Я осталась одна. Почти.

Роман появился чуть позже, когда слуги уже разнесли наши вещи, а управляющий, переминаясь с ноги на ногу, пытался объяснить мне разницу между восточным и западным крылом. Муж вошёл без церемоний, легко, как будто переступал через знакомый порог, но я почувствовала — ему тут тесно и просторно одновременно.
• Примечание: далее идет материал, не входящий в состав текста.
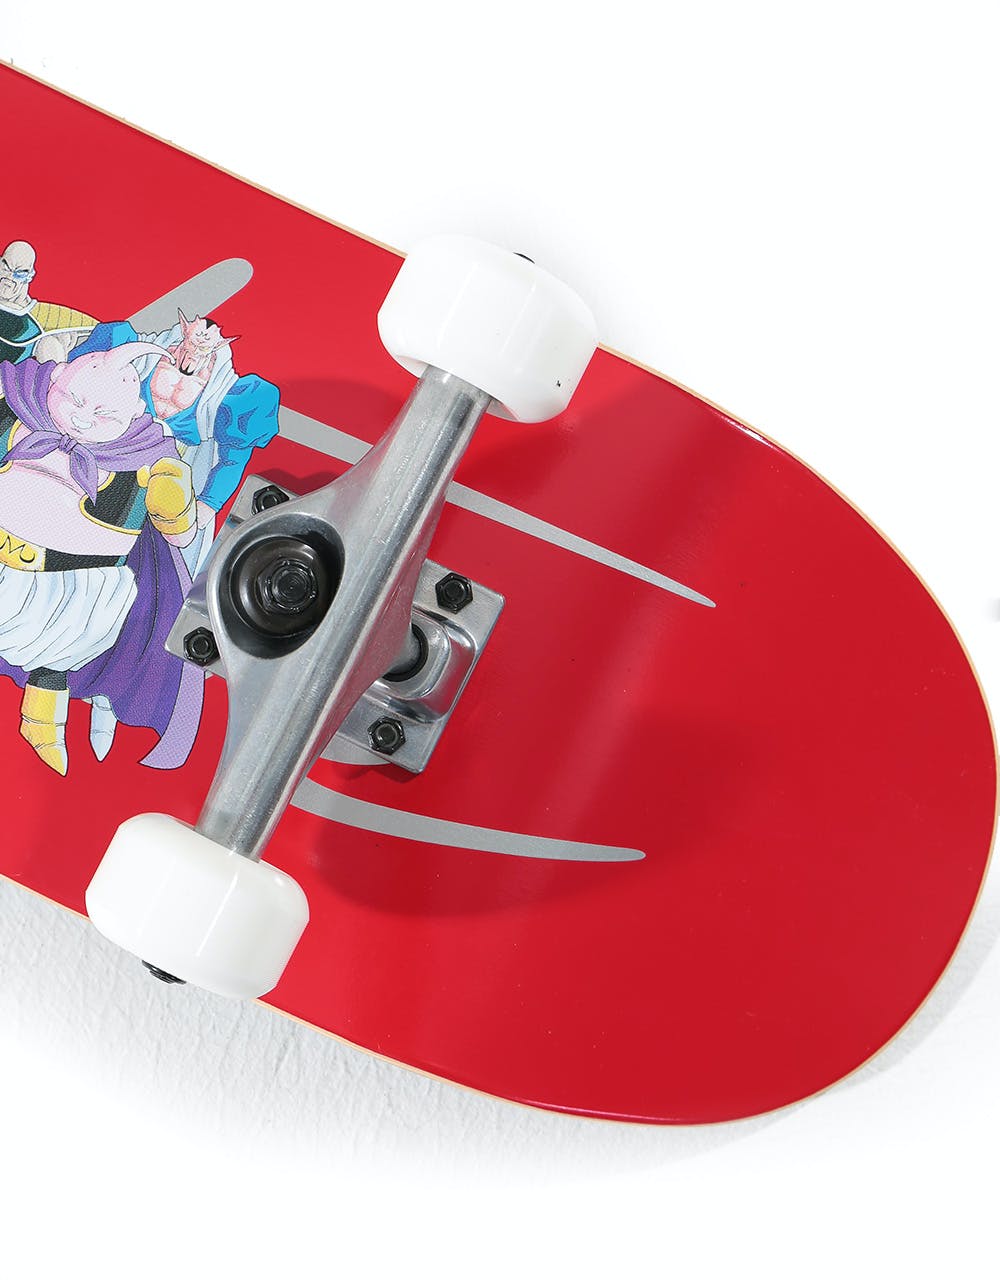 Primitive x Dragon Ball Z Neuvo Villains Complete Skateboard - 7.75"

Он остановился посреди зала, вскинул голову к люстре, присвистнул, провёл ладонью по полированным перилам лестницы, как гладят сильного коня по шее.

— Вот это да, Зорька… — выдохнул он. — Ты посмотри, какие стены… Слышишь, как они молчат?

Действительно, дом молчал, слишком величественно, слишком холодно. Мрамор отдавал прохладой даже сквозь подошвы, гобелены с охотничьими сценами смотрели на нас тусклыми глазами вышитых животных. Роман, мой вольный цыган, в своих пёстрых, привычных к дороге одеждах казался здесь случайной вспышкой цвета на выцветшей картине.

— Тут будто кладбище, — поморщился он. — Всё красиво, да мёртвое. Ничего, оживим.

Я тогда улыбнулась, решив, что он говорит образно. Оживим — значит, наполним смехом, нашими голосами, может быть, детьми когда‑нибудь. Я не заметила, как в его взгляде, скользнувшем по потолку с лепниной, мелькнул знакомый мне с ярмарок прищур — приценочный, оценивающий.

В первые дни я ходила по дому, как по музею. Раздвигала портьеры, открывала окна, впуская в затхлые комнаты свежий воздух и запах мокрой земли. Ладони привыкали к гладкости мрамора, ступни — к лёгкому скрипу старого паркета. Я разговаривала со слугами, училась именам. Они осторожно говорили «барыня», и это новое для меня слово кололось, как плохо вшитая бусина в подкладке платья.

Роман редко задерживался в доме. Его тянуло во двор, к конюшне, к дороге за воротами. Я видела, как он разговаривает с конюхами, легко, по‑своему, щёлкая языком к лошадям, как кивает на ворота, будто прикидывая, сколько повозок смогло бы пройти разом. Но спрашивать его я не решалась. Мне казалось, если назову вслух своё беспокойство, оно станет настоящим.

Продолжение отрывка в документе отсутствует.